▶ _Task prompt_
Word for word, restate the lines of the listing below from the line with "Rustic Camping Retreat" through the line with "Red blood cell", and do not include the pictures.

▶ _Entries provided_
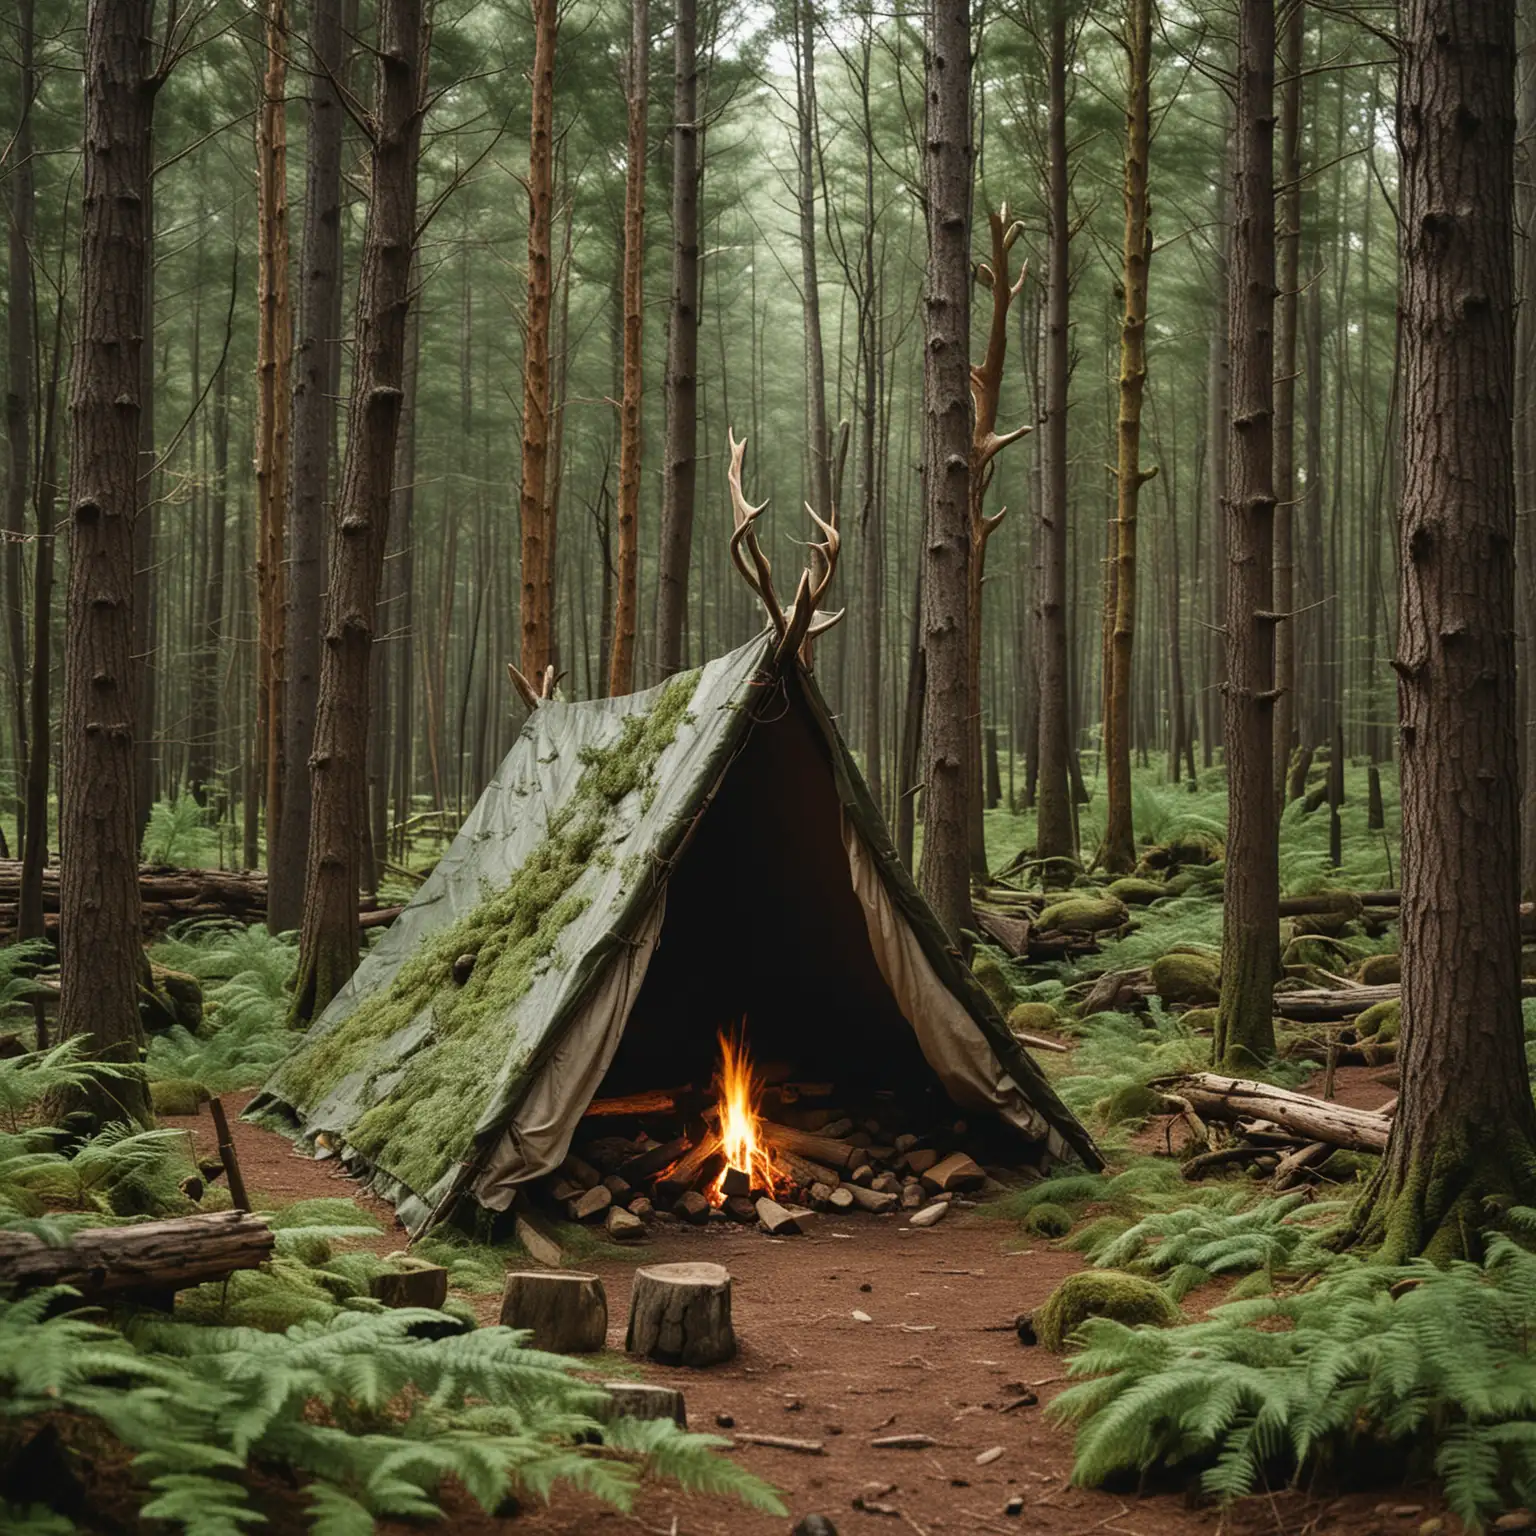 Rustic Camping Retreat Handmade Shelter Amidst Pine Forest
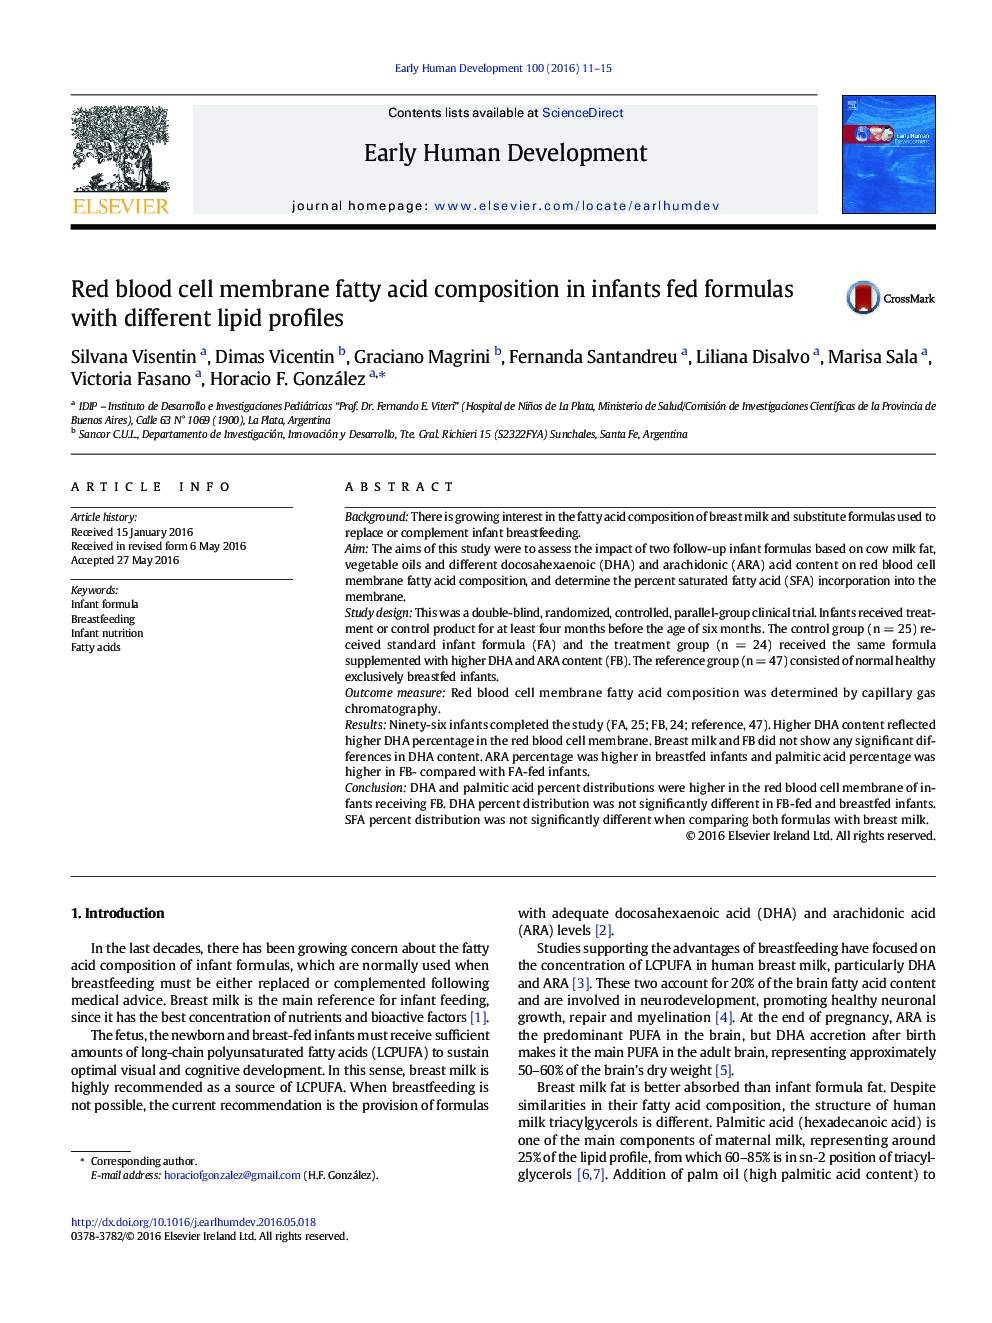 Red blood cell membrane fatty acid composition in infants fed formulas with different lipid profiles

---

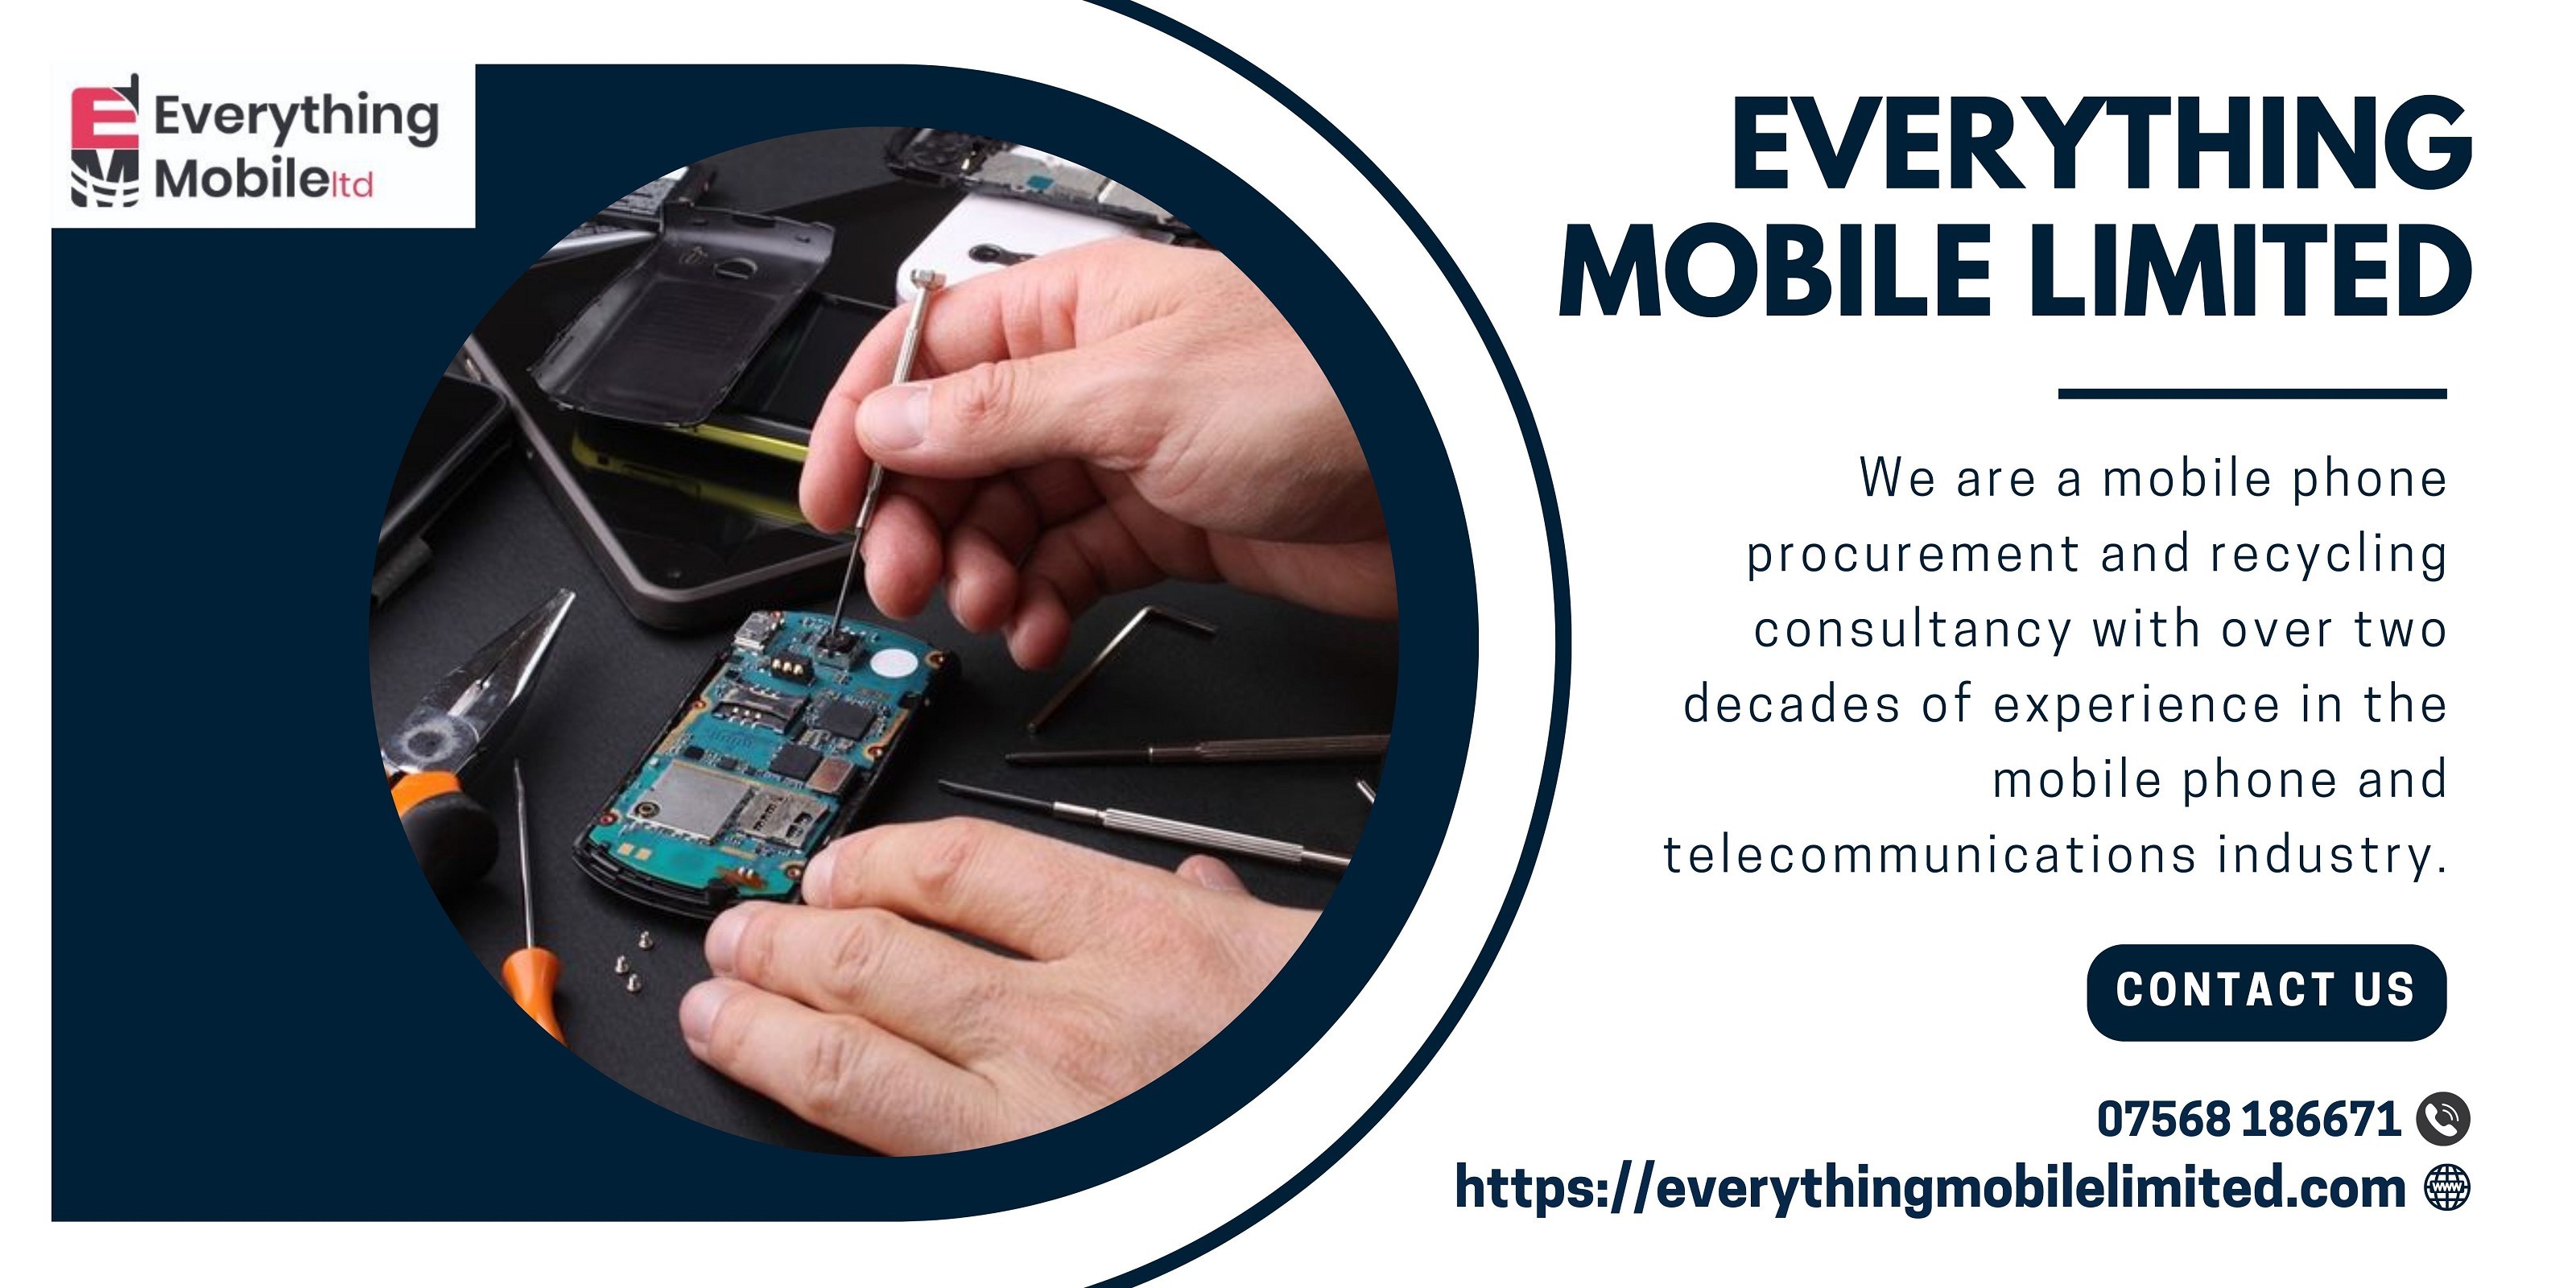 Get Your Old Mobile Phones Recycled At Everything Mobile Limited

▶ _Reply_
 Rustic Camping Retreat Handmade Shelter Amidst Pine Forest
 Red blood cell membrane fatty acid composition in infants fed formulas with different lipid profiles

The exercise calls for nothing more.